[Task instructions] Leave the pictures in the listing below aside and reproduce exactly the lines starting with the one with "Honolulu Vacation Rentals, Diamond" and going on through the one with "Living room painting", both ends included.

[Input material]
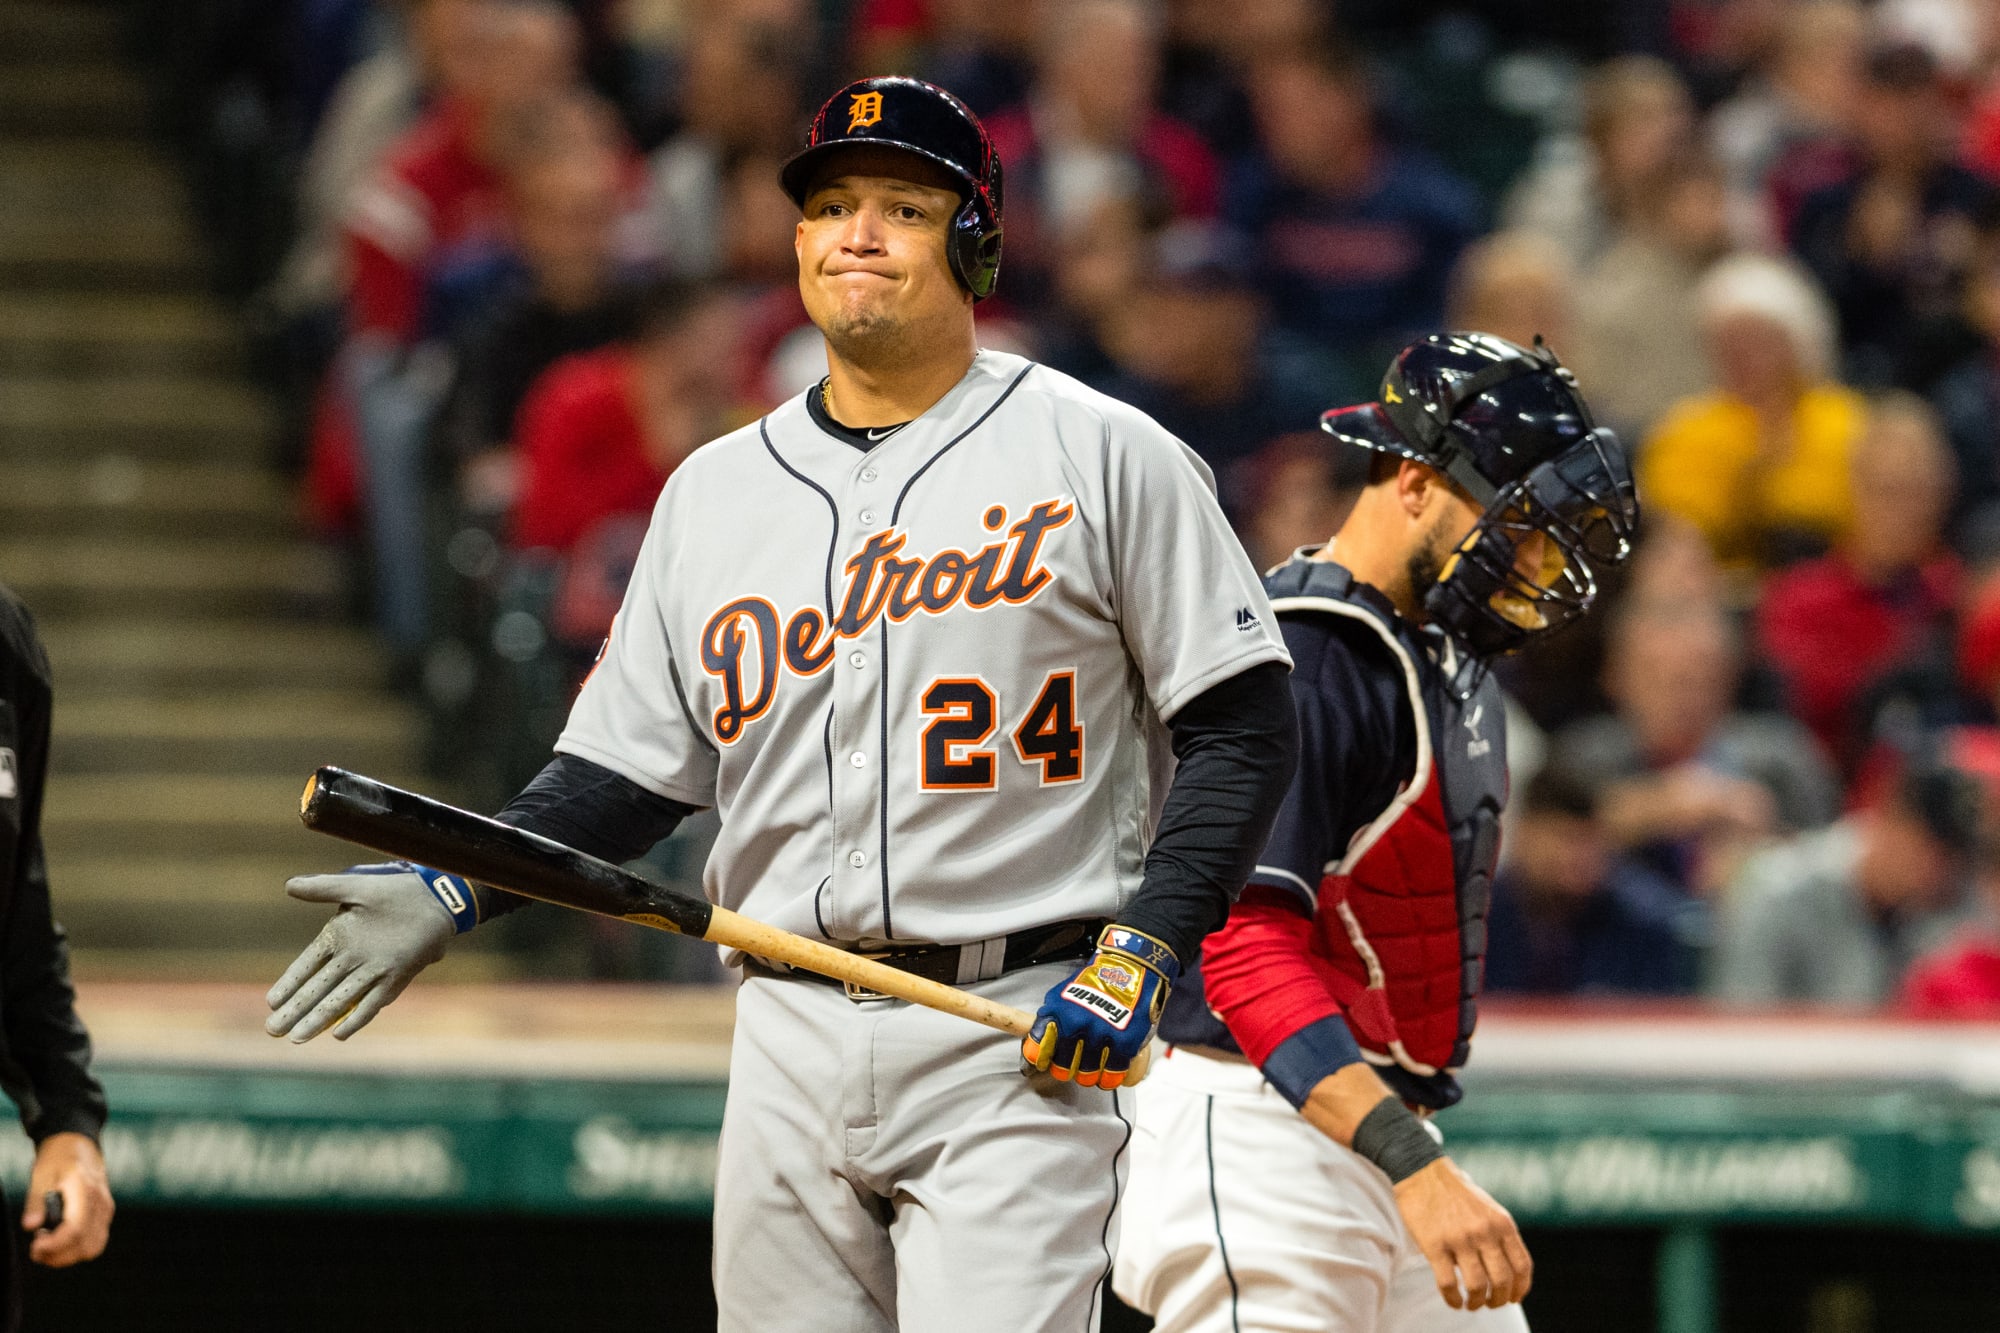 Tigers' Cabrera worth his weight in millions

==

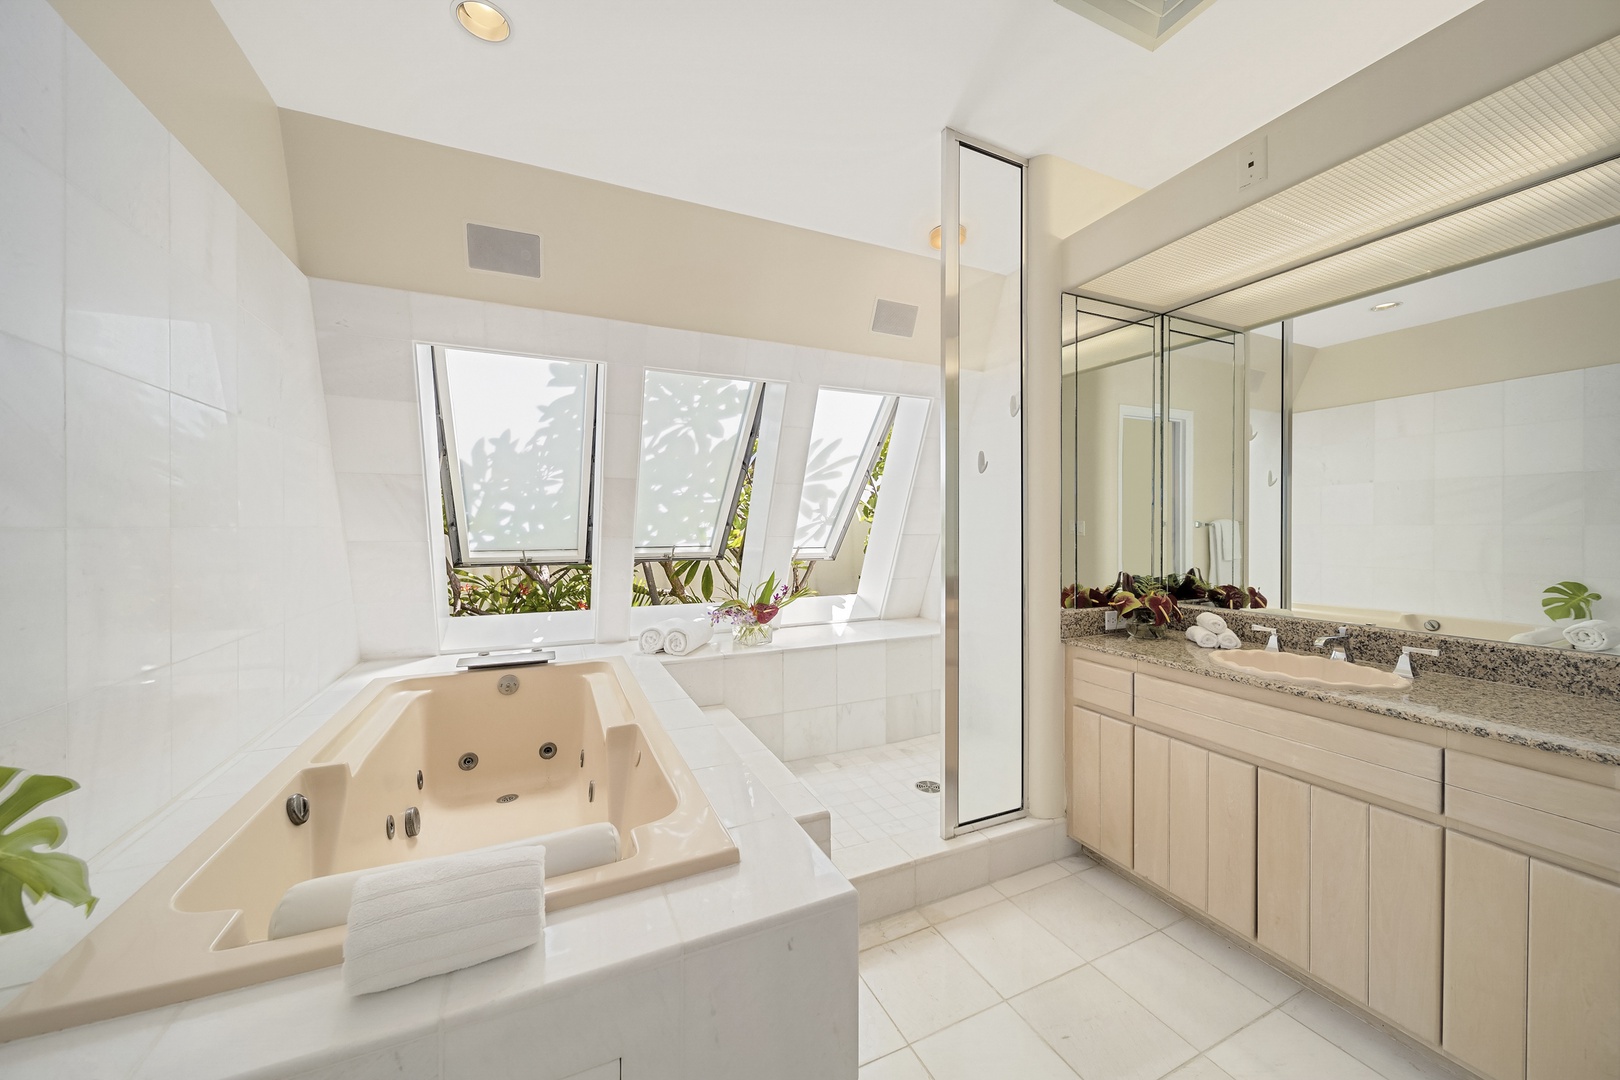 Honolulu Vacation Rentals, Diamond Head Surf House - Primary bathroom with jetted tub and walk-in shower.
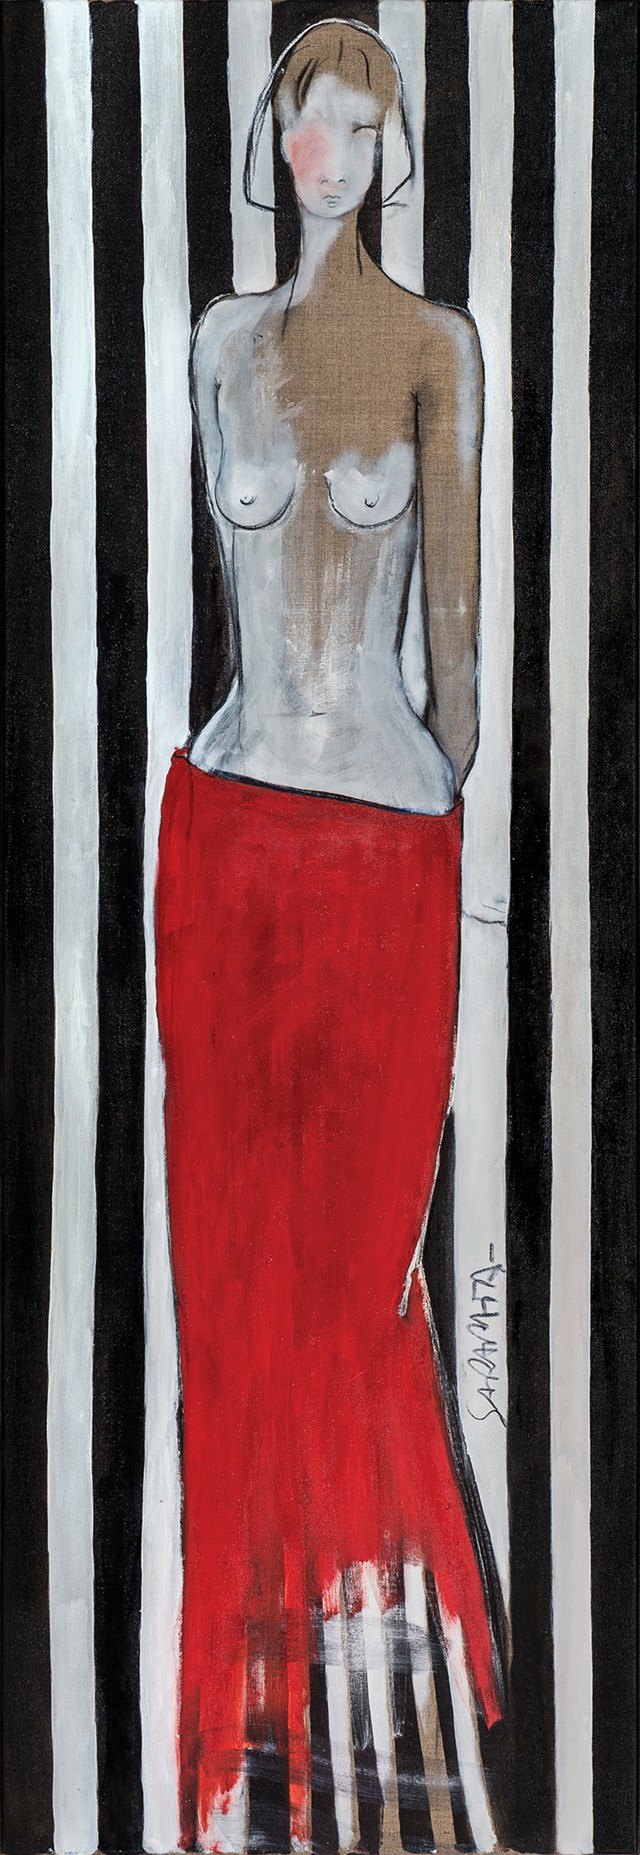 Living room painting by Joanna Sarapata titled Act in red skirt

[Solution to the problem]
 Honolulu Vacation Rentals, Diamond Head Surf House - Primary bathroom with jetted tub and walk-in shower.
 Living room painting by Joanna Sarapata titled Act in red skirt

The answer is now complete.